Crypto news

22.06.2026
00:56

NVIDIA gives away AI models for free but makes more money from it than anyone else: breakdown of the Nemotron 3 Ultra strategy

On June 4, 2026, NVIDIA released Nemotron 3 Ultra, the largest open AI model in the Nemotron 3 lineup. Under a permissive license, the company released the model weights, training data, and methodologies. This is not just a "gift" to the community, but a calculated step within a long-term strategy where openness serves as a tool to strengthen its own ecosystem.

Architecture: A Hybrid of Speed and Accuracy

Nemotron 3 Ultra is not just another "scaled-up transformer." It is based on a hybrid architecture of three components: Mamba-2 layers, Attention layers, and Latent Mixture of Experts (Latent MoE). Mamba-2 processes long texts quickly with linear cost growth, while Attention retains large context volumes. Latent MoE compresses data before passing it to experts, allowing each to work narrowly and efficiently.

With a total of approximately 550 billion parameters, only about 55 billion are activated for processing each token. This gives the model 5–6 times higher throughput than comparable models and roughly 30% lower task costs. The context window is 1 million tokens, with a speed exceeding 300 tokens per second.

Strategy: A Free Model as a Catalyst for Hardware Sales

The main value of the release is not the model itself, but the ecosystem around it. Anyone running Nemotron almost certainly does so on NVIDIA GPUs, fine-tunes it using its tools, and deploys it on its software. Openness here is not charity, but a way to steer developers back to purchasing the company's hardware.

With a market capitalization exceeding $5 trillion, the cost of training Nemotron 3 Ultra (likely hundreds of millions of dollars) is a nearly negligible expense for NVIDIA. GPU sales more than cover the research, so the company can give the model away for free and still earn more than closed competitors charging for access.

The political context adds further weight to the release. An open American model can be inspected, modified, and run on one's own servers—making it attractive for countries building independent national AI, from Europe to Southeast Asia. Such a model cannot be remotely disabled, which is especially valuable amid recent restrictions around closed models.

Limitations and Prospects

Despite its strengths, Nemotron 3 Ultra is not the smartest model on the market. On the Artificial Analysis Intelligence Index, it scored 48 points—the best result among open US models, but trailing leaders like Kimi K2.6 (54 points) and DeepSeek. Open models lag behind closed ones by three to seven months.

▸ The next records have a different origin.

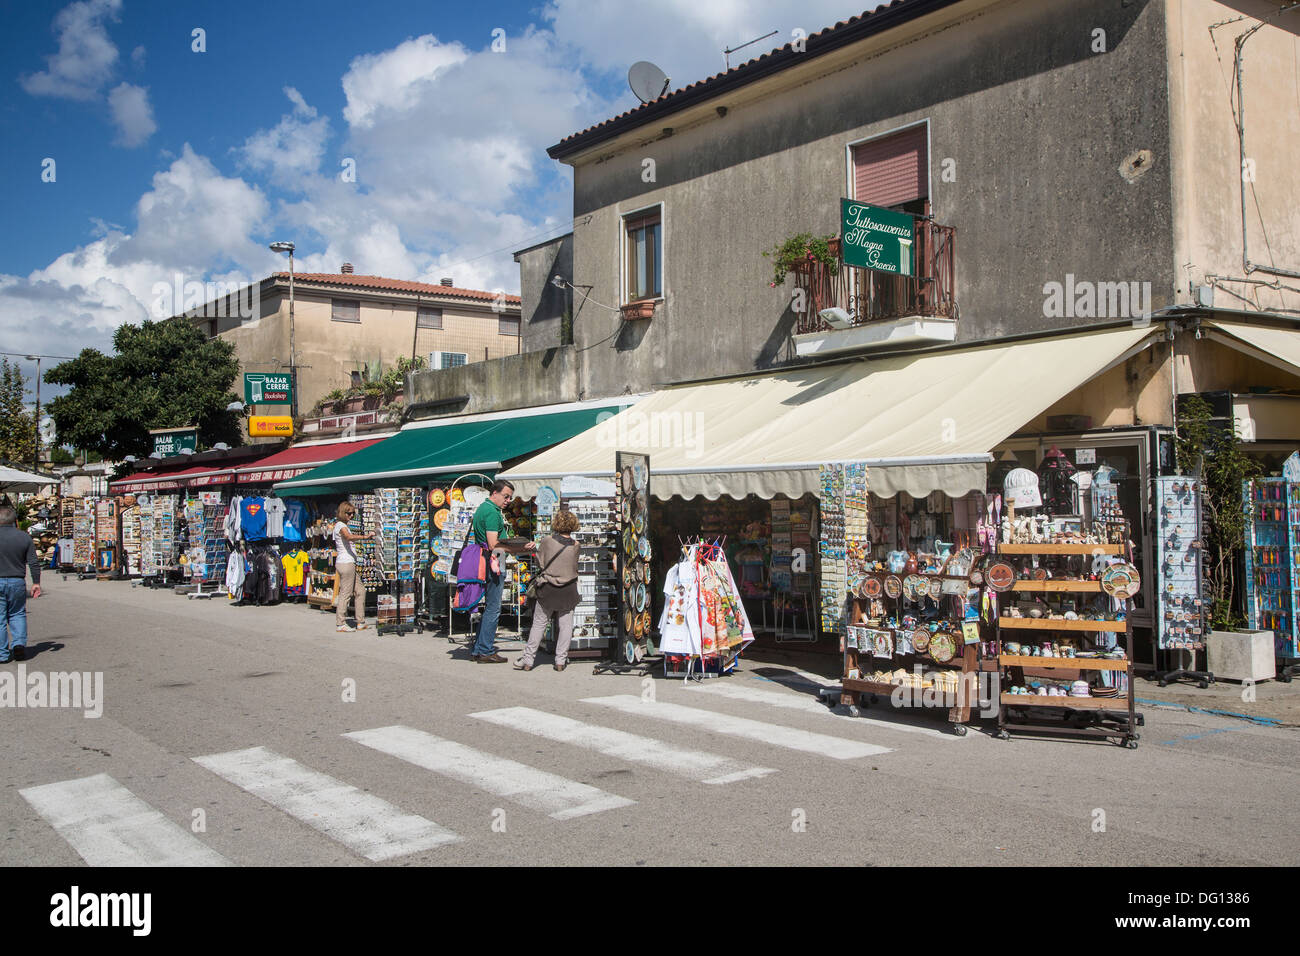 Touristischen Geschäfte verkaufen Souvenirs in der antiken Stadt Paestum, Kampanien, Italien Stockfoto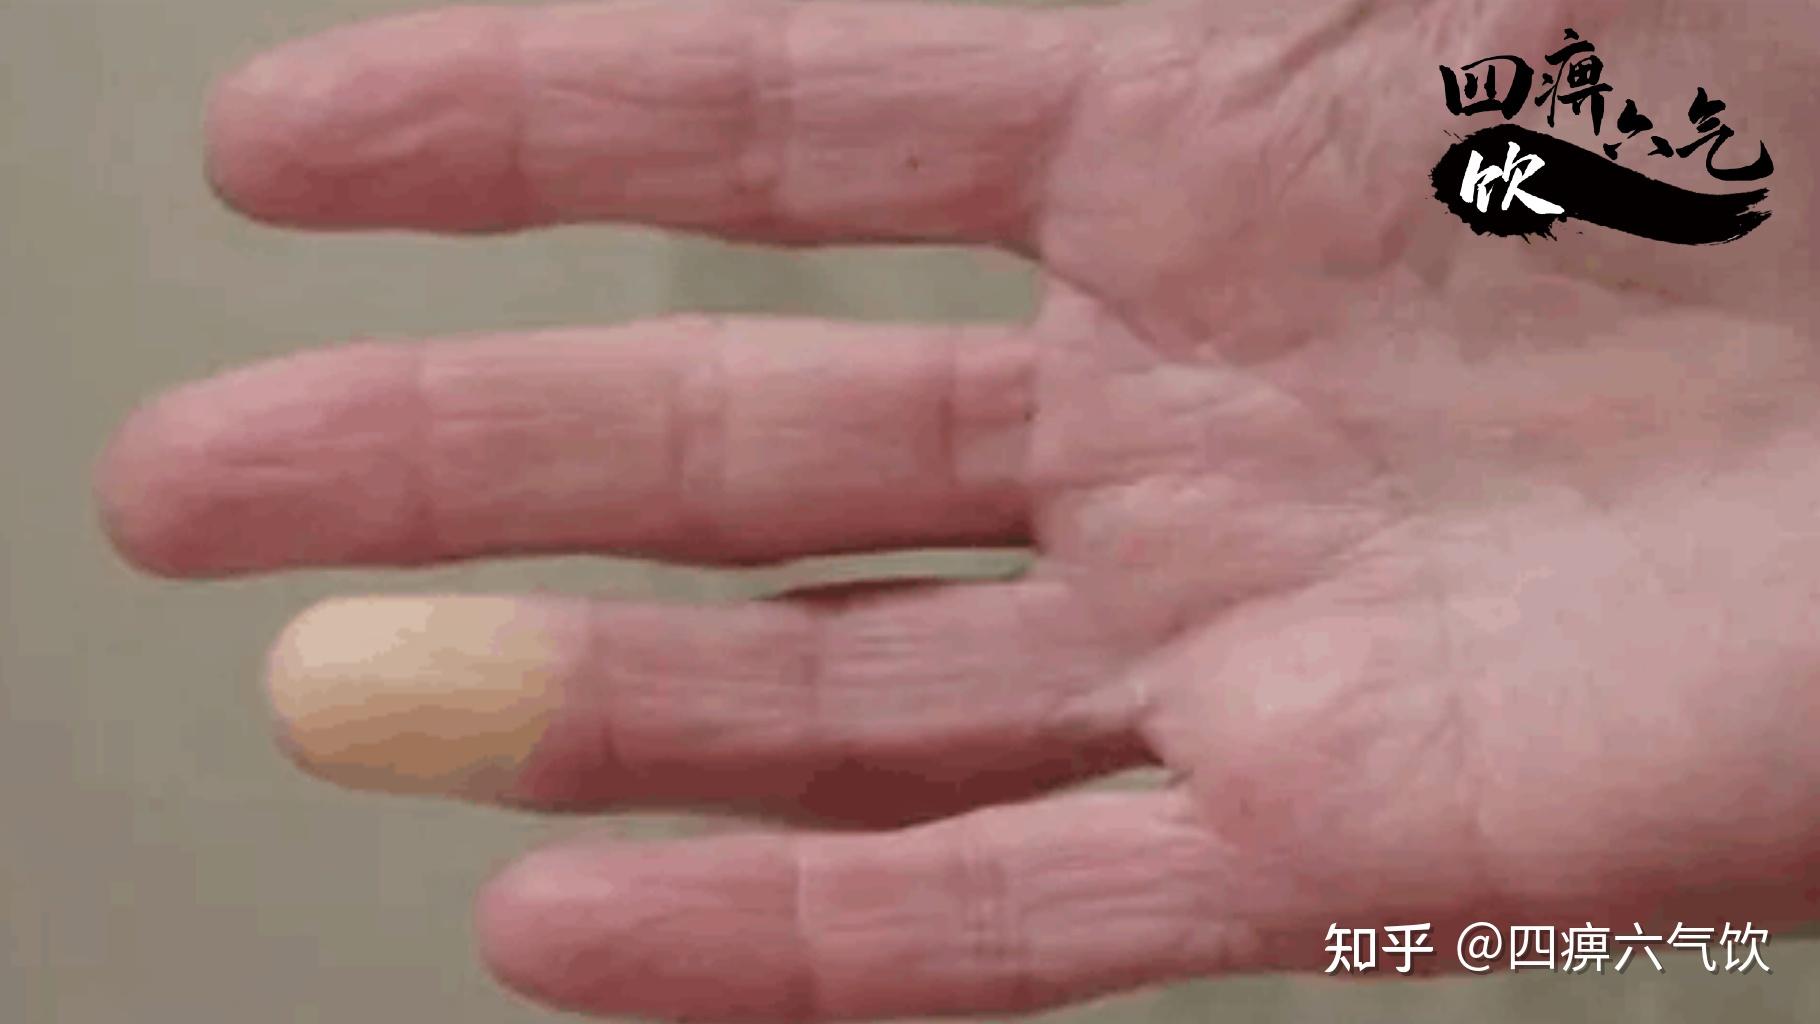 潍坊交通医院专家成功治愈雷诺氏症患者 张女士手部症状完全缓解 - 哔哩哔哩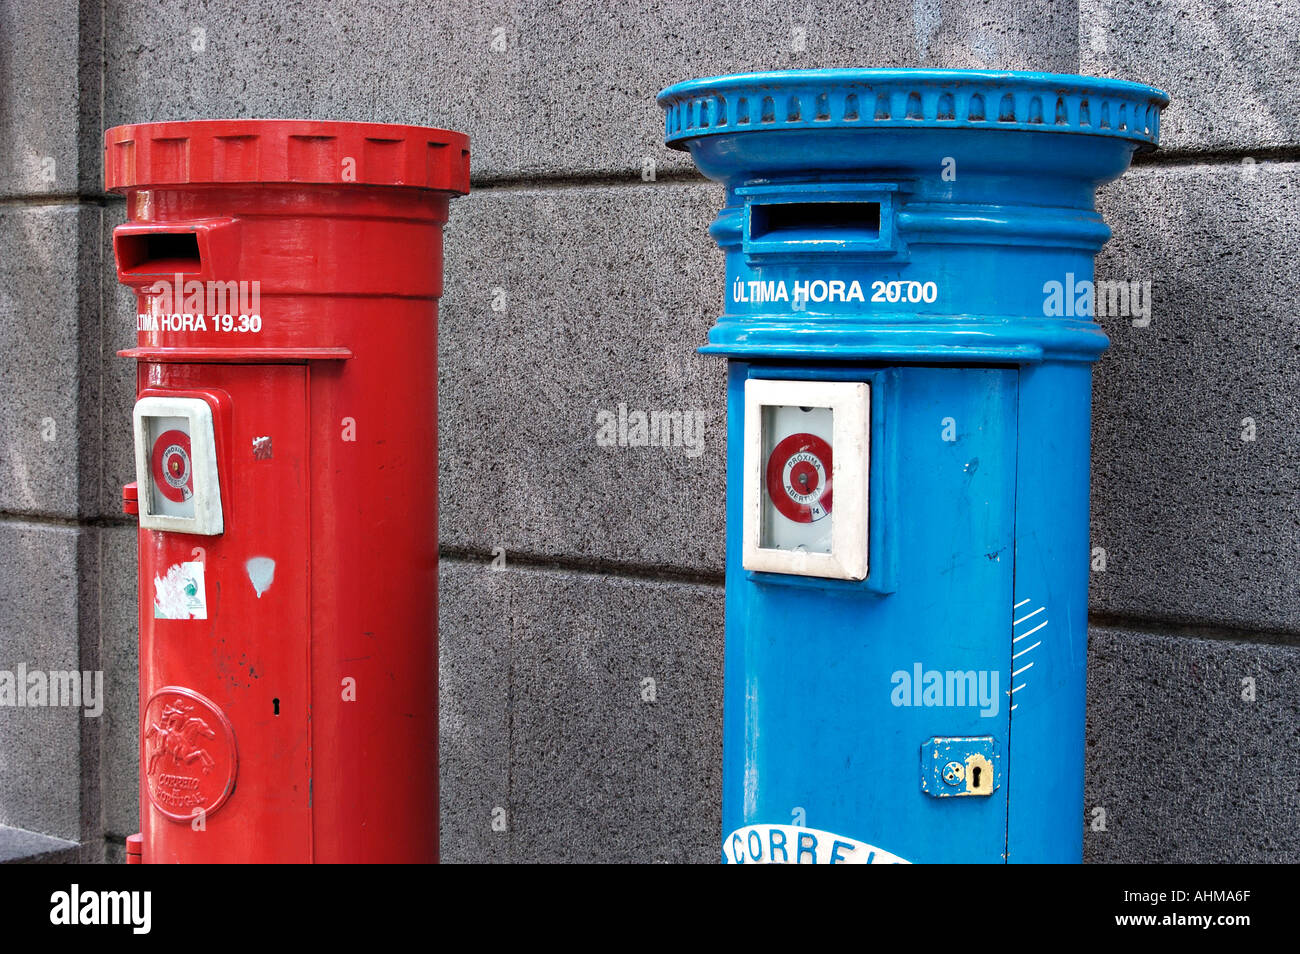 Los buzones de correos de Portugal Fotografía de stock - Alamy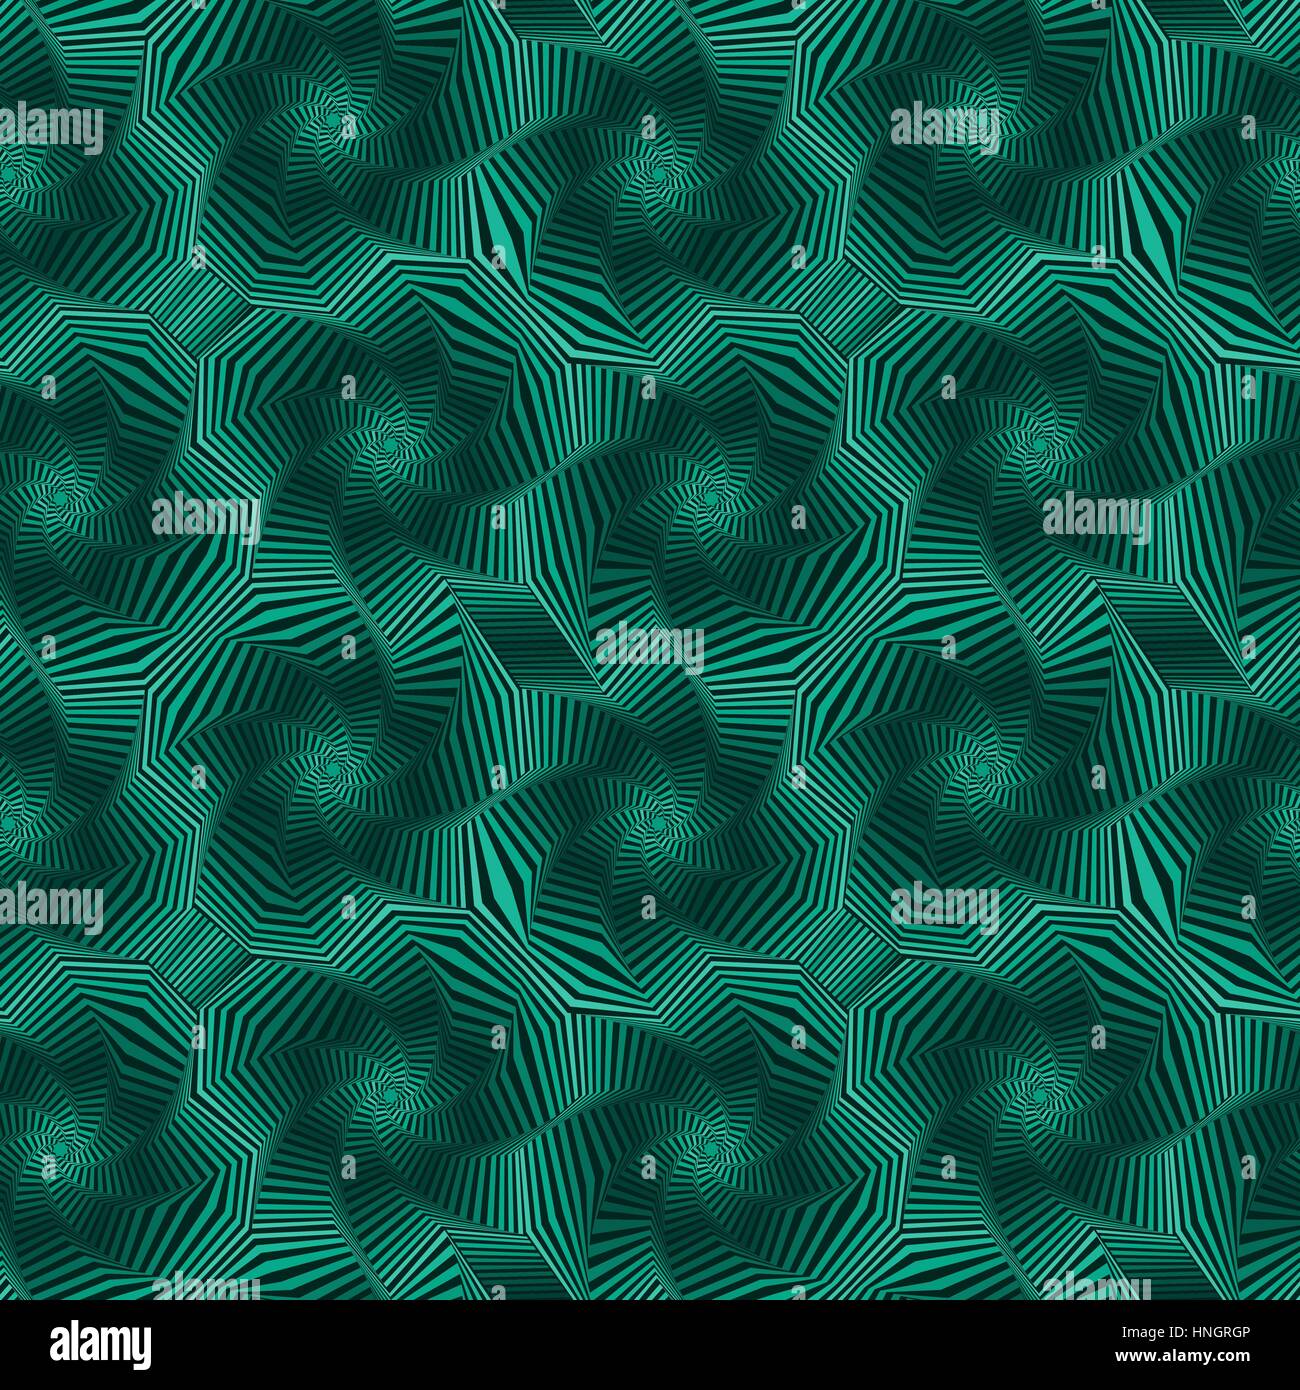 Abstract vector transparente avec motif étoile octogonale concentriques formant les séquences dans des teintes vert Illustration de Vecteur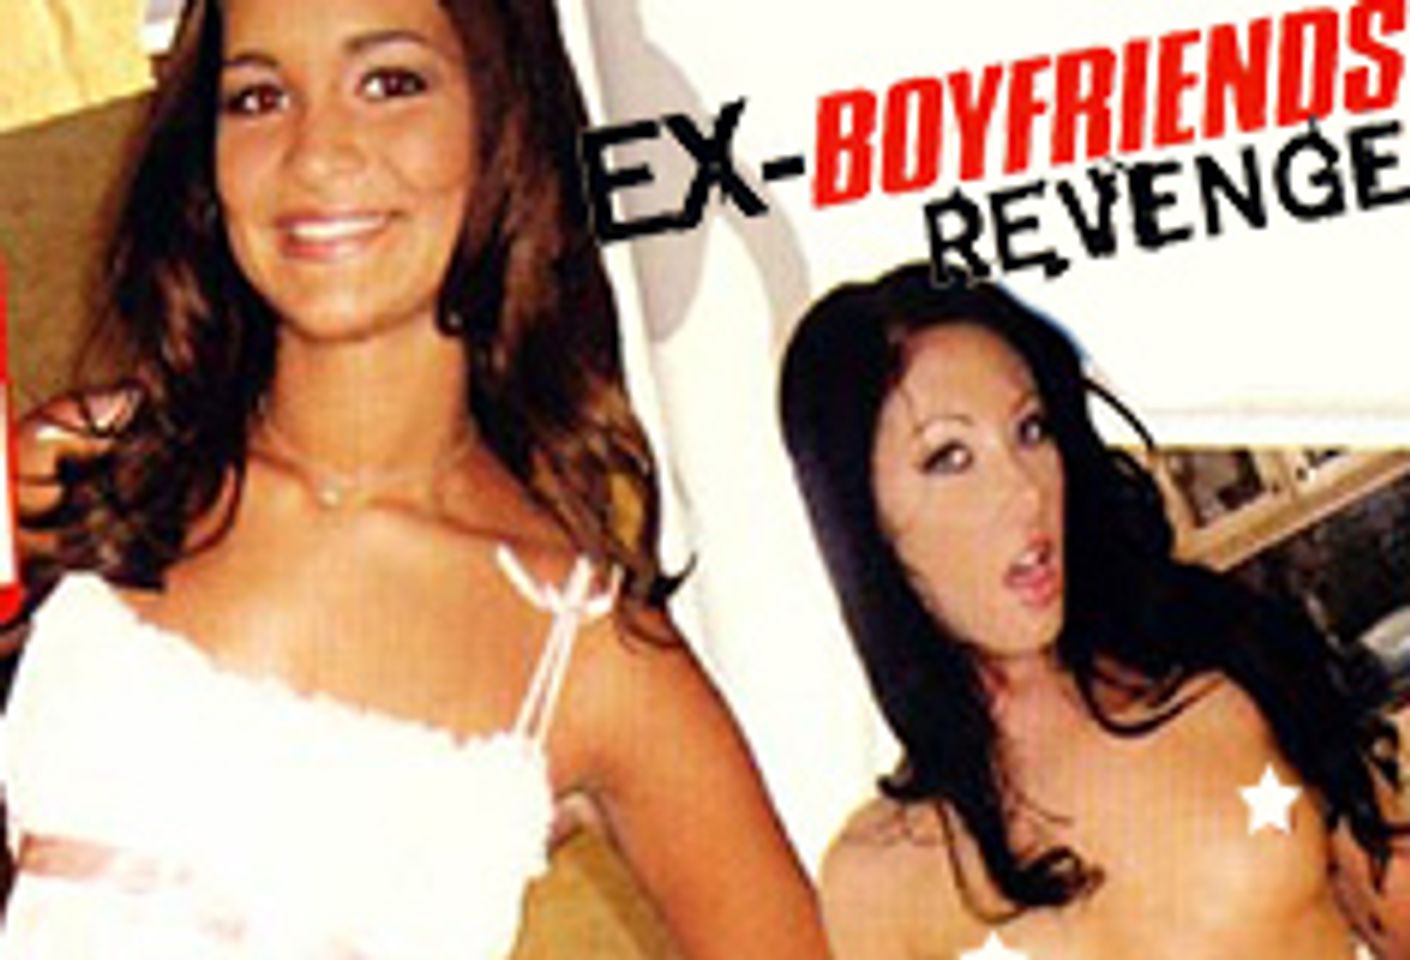 FuckYouCash Releases <i>Ex-Boyfriend's Revenge</i>

However, this gap matters less if an open model is simply sufficient for real-world tasks. A bank deploying Nemotron 3 Ultra for loan processing on its own servers doesn't need flagship-level intelligence—it needs a model that can be fine-tuned on proprietary data, kept within a secure perimeter, and not expose confidential information to outsiders.

Analytical Conclusion: NVIDIA's bet on efficiency rather than benchmark records may prove more far-sighted than it appears. With mass AI adoption, the cost of running a model takes center stage, and one that is nearly as capable but five times cheaper wins in real-world deployment. The open ecosystem will only strengthen: NVIDIA has the resources, motivation, and distribution channels to release increasingly powerful open models faster than any other company.